The student had therefore replaced every instance of the forbidden word with "he or she." So a sentence like this,

"The Vikings were a ruthless group. They pillaged and plundered wherever they went."

read like this:

"The Vikings were a ruthless group. He or she pillaged and plundered wherever they went."

Or, another instance,

"The English people flourished as an international power by developing their navy."

read as,

"The English people flourished as an international power by developing his or her navy."

This poor student had filled her entire paper with these kinds of sentences. There were at least 15 instances, each more ridiculous than the last. She was completely aware of how strange it sounded, but felt like she had no other choice. Her hands were tied. She couldn't use the word "they".

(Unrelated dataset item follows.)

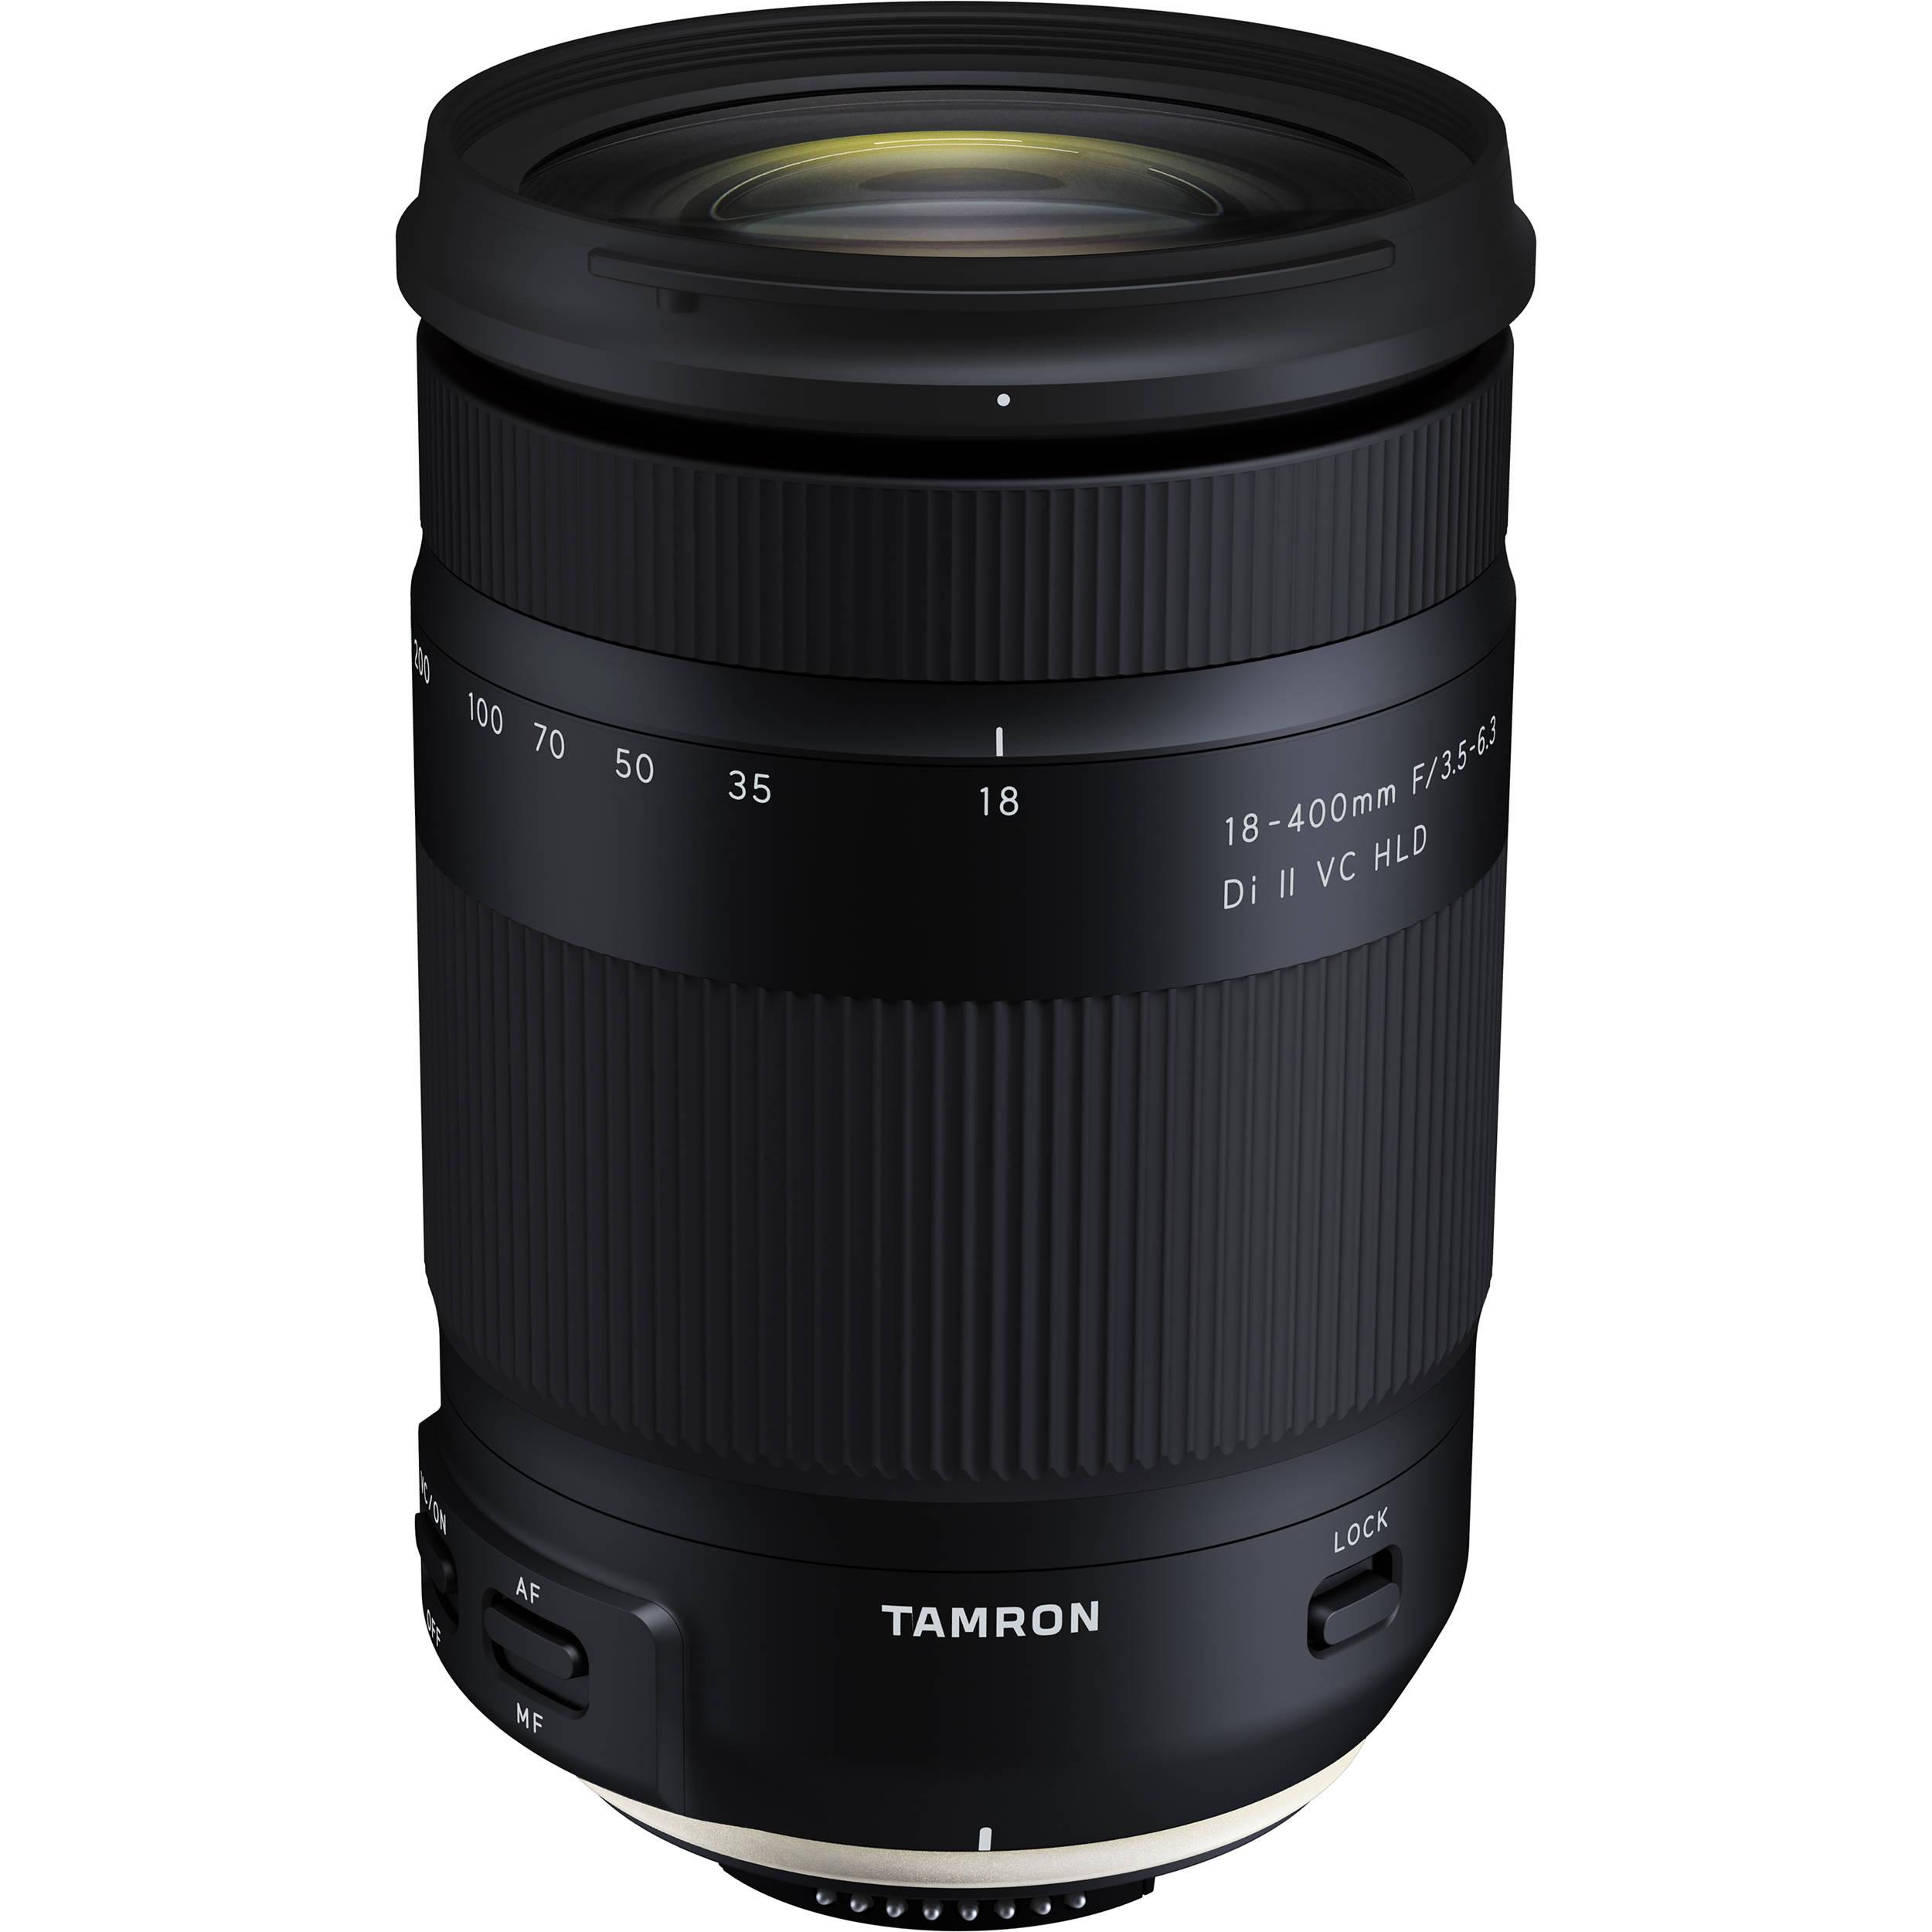 9bb726c009 Tamron 18-400mm f/3.5-6.3 Di II VC HLD Lens AFB028C-700 B&H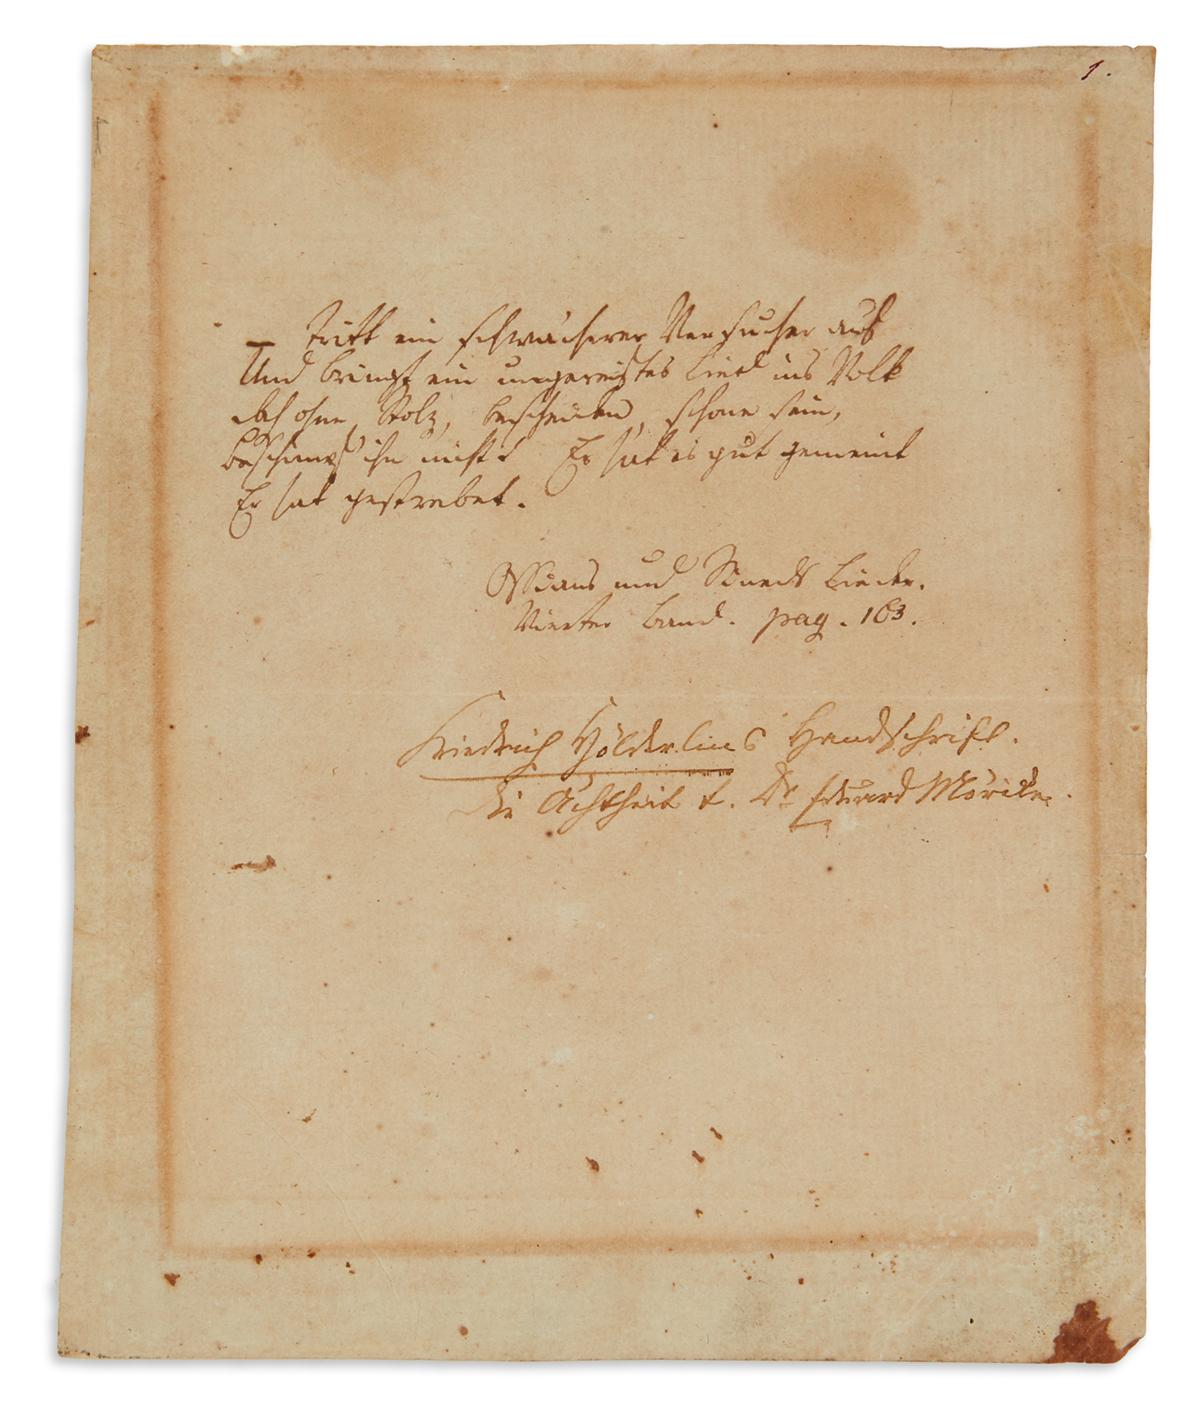 HÖLDERLIN, FRIEDRICH. Autograph Manuscript, unsigned, 7 lines quoting a stanza from Michael Deniss Ossians und Sineds Lieder, in Germa

When these situations come up I take the professor's side, as students don't always pay attention and are liable to misinterpret what was said. It's possible the first professor was merely asking the class to avoid extensive lists or bullet points (even though the student insisted that wasn't the case) and that the second professor was simply showing a few cases where "they" wasn't appropriate and that student had also misinterpreted it. I'd hate to think there are professors out there forbidding the use of "they" or claiming that any sentence with more than one comma is a list and lists are bad.

On the other hand, where else are these superstitions coming from?

Never end a sentence with a preposition, at.

The biggest grammar superstition I know of is, "never end a sentence with a preposition." I think in most cases, this one has disappeared from usage. While "To whom are you speaking?" may be correct, "Who are you talking to?" sounds much less pretentious. I have to laugh when people try to speak "correctly" and end up speaking wrong. One day while I was in Brazil, I was talking with some Brazilians and they were all speaking incorrectly. They were not matching their verbs and subjects. They were saying things like "Did thou see?" and "Thou went?" so I chimed in with a "Why speakest thou in such a manner?" and they all started making fun of me. I then told them that I was in fact speaking their language correctly and they were the ones messing it up. They all got kind of quiet after that.
I believe that these rules aren't exactly rules, but more suggestions. Teachers teach them to students and the students try to learn. I believe that, for the most part, this system works because it's easier to break the rules correctly once you know them. I often joke with my friends that the coolest thing about learning the rules of English is that it grants me the power to break them properly. Many great authors do the same things - Shakespeare pretty much invented the "un-" prefix. Mark Twain wrote many parts of "The Adventures of Huckleberry Finn" in a southern dialect which is oftentimes hard to read. If a student wrote "I don't got none o' that at home. You wanna come buy some?" in a paper, it would be wrong and would probably need fixing. However, because Twain understood the language and "broke" the rules for a reason, and it worked.
Back to my main point - the students who learn all of these "superstitious rules" get them engrained in their heads because they need boundaries. However, once they mature a little more, they can be taught the exceptions to the rules. Absolutes are easier to understand than abstracts, so the teachers say "Never..." instead of "Try not to ... unless it fits better, and ... in which case, you might be able to ..." It gets too complicated that way. I hope this makes sense - it is late and I am tired.